● **WHAT TO PRODUCE**:
The answer should match the records character for character.

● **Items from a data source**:
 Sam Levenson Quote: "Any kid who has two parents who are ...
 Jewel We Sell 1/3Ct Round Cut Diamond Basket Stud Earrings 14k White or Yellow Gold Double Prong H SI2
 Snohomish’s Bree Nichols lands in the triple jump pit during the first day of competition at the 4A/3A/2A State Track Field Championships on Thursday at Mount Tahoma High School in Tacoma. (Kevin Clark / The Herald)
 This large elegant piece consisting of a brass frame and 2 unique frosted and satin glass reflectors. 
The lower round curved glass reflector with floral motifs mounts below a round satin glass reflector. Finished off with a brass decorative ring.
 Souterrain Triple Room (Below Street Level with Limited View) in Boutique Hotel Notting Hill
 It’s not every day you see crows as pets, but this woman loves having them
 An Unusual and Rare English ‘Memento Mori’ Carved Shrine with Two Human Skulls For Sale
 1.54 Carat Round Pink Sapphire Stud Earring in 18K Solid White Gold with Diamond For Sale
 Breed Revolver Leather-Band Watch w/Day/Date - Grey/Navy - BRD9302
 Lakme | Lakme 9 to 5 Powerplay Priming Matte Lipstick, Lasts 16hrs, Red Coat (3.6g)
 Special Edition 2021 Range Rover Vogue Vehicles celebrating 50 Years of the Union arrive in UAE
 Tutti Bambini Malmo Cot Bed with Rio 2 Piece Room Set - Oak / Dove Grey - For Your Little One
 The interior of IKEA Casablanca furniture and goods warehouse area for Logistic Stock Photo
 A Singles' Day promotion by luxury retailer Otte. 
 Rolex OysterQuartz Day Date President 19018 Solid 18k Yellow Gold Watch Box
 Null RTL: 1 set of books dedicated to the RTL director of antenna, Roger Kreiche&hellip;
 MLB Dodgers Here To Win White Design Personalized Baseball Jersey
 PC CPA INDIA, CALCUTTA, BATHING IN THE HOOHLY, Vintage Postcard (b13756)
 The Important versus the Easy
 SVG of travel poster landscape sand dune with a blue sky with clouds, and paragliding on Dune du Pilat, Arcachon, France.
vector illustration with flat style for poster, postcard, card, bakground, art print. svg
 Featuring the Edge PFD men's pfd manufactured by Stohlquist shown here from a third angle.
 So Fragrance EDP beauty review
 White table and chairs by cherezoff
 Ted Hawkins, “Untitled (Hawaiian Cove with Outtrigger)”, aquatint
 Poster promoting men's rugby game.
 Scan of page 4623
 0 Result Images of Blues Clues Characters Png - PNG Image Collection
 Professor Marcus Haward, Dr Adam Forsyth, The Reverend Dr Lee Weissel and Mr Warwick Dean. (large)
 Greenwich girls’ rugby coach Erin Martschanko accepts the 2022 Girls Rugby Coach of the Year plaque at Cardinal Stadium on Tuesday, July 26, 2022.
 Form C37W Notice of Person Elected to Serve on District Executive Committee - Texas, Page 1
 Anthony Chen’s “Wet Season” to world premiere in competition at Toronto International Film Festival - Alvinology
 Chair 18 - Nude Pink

● **ANSWER BELOW**:
 Sam Levenson Quote: "Any kid who has two parents who are ...
 Jewel We Sell 1/3Ct Round Cut Diamond Basket Stud Earrings 14k White or Yellow Gold Double Prong H SI2
 Snohomish’s Bree Nichols lands in the triple jump pit during the first day of competition at the 4A/3A/2A State Track Field Championships on Thursday at Mount Tahoma High School in Tacoma. (Kevin Clark / The Herald)
 This large elegant piece consisting of a brass frame and 2 unique frosted and satin glass reflectors. 
The lower round curved glass reflector with floral motifs mounts below a round satin glass reflector. Finished off with a brass decorative ring.
 Souterrain Triple Room (Below Street Level with Limited View) in Boutique Hotel Notting Hill
 It’s not every day you see crows as pets, but this woman loves having them
 An Unusual and Rare English ‘Memento Mori’ Carved Shrine with Two Human Skulls For Sale
 1.54 Carat Round Pink Sapphire Stud Earring in 18K Solid White Gold with Diamond For Sale
 Breed Revolver Leather-Band Watch w/Day/Date - Grey/Navy - BRD9302
 Lakme | Lakme 9 to 5 Powerplay Priming Matte Lipstick, Lasts 16hrs, Red Coat (3.6g)
 Special Edition 2021 Range Rover Vogue Vehicles celebrating 50 Years of the Union arrive in UAE
 Tutti Bambini Malmo Cot Bed with Rio 2 Piece Room Set - Oak / Dove Grey - For Your Little One
 The interior of IKEA Casablanca furniture and goods warehouse area for Logistic Stock Photo
 A Singles' Day promotion by luxury retailer Otte. 
 Rolex OysterQuartz Day Date President 19018 Solid 18k Yellow Gold Watch Box
 Null RTL: 1 set of books dedicated to the RTL director of antenna, Roger Kreiche&hellip;
 MLB Dodgers Here To Win White Design Personalized Baseball Jersey
 PC CPA INDIA, CALCUTTA, BATHING IN THE HOOHLY, Vintage Postcard (b13756)
 The Important versus the Easy
 SVG of travel poster landscape sand dune with a blue sky with clouds, and paragliding on Dune du Pilat, Arcachon, France.
vector illustration with flat style for poster, postcard, card, bakground, art print. svg
 Featuring the Edge PFD men's pfd manufactured by Stohlquist shown here from a third angle.
 So Fragrance EDP beauty review
 White table and chairs by cherezoff
 Ted Hawkins, “Untitled (Hawaiian Cove with Outtrigger)”, aquatint
 Poster promoting men's rugby game.
 Scan of page 4623
 0 Result Images of Blues Clues Characters Png - PNG Image Collection
 Professor Marcus Haward, Dr Adam Forsyth, The Reverend Dr Lee Weissel and Mr Warwick Dean. (large)
 Greenwich girls’ rugby coach Erin Martschanko accepts the 2022 Girls Rugby Coach of the Year plaque at Cardinal Stadium on Tuesday, July 26, 2022.
 Form C37W Notice of Person Elected to Serve on District Executive Committee - Texas, Page 1
 Anthony Chen’s “Wet Season” to world premiere in competition at Toronto International Film Festival - Alvinology
 Chair 18 - Nude Pink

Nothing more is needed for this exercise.